Lease-Based Distributed Locks Without Illusions: Fencing Token Playbook

Date: 2026-02-24
Category: knowledge
Domain: distributed systems / correctness engineering

Why this matters

Many teams use "distributed lock = mutual exclusion" as if it were a local mutex.
In production, that assumption fails under exactly the conditions you care about:

process pauses (GC, CPU starvation, SIGSTOP),
network delays/reordering,
lease expiry races,
delayed writes arriving after ownership changed.

A lock lease can expire while the old holder is still alive, and the old holder may still write stale state later.
If your system has correctness requirements (not just efficiency), a lock alone is not enough.

Core principle

For correctness-critical work:

Use lock/lease only to reduce overlap probability.
Attach a monotonic fencing token to each critical operation.
Enforce token monotonicity at the resource being protected.

If the protected resource cannot reject stale tokens, your safety story is incomplete.

First decision: efficiency lock or correctness lock?

Borrow this practical split:

Efficiency lock: duplicate work is acceptable (extra cost, occasional duplicate email/job).
Correctness lock: overlap causes wrong state, data loss, or irreversible side-effects.
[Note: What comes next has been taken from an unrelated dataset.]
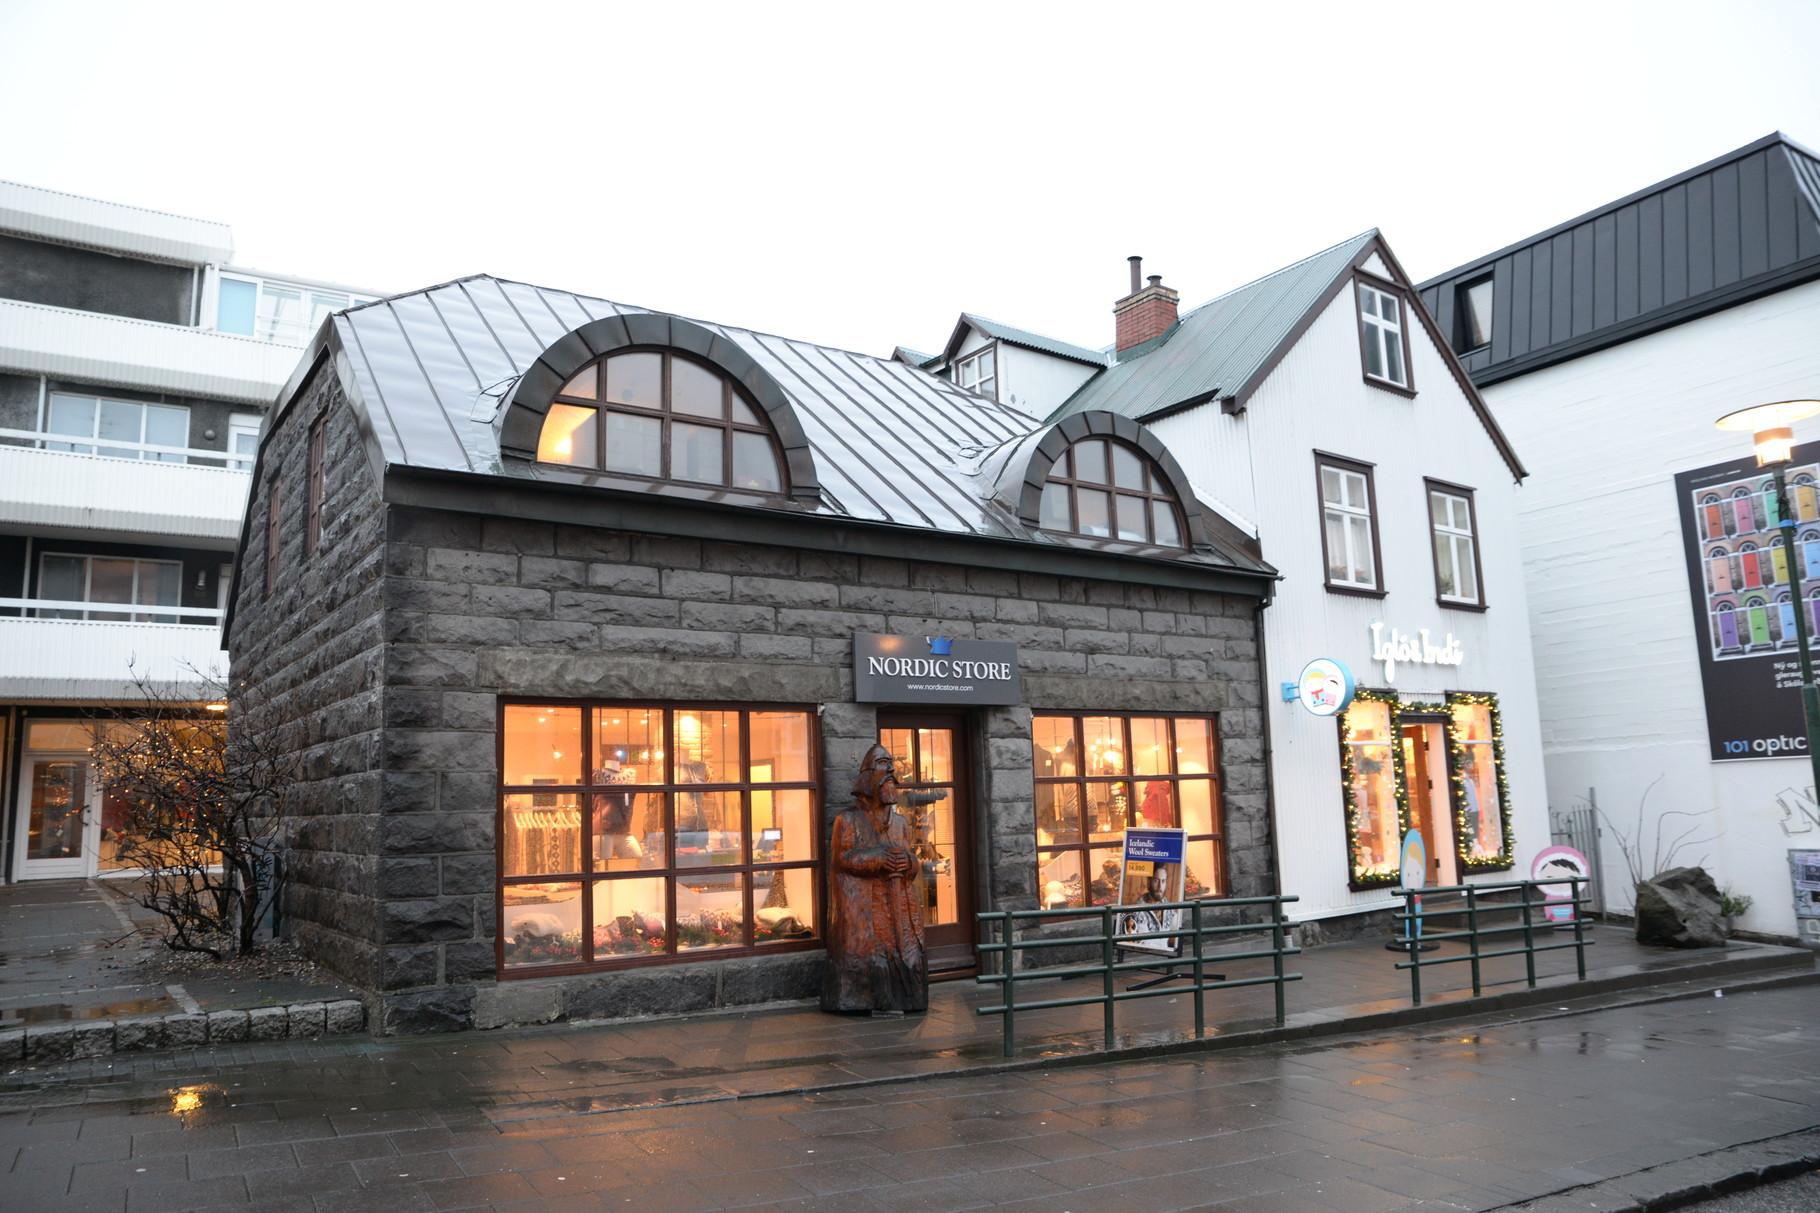 Typisch nordische Bauten

If this is efficiency-only, a simple lease is often enough.
If this is correctness-critical, move to fencing-token design immediately.

Failure mode in one timeline

Client A acquires lease + lock.
Client A pauses for longer than lease TTL.
Client B acquires new lease + lock and performs update.
Client A resumes and writes stale update.

Without downstream token checks, both writes may succeed in bad order.

What a fencing token is

A fencing token is a strictly increasing value issued on lock acquisition (or ownership epoch change).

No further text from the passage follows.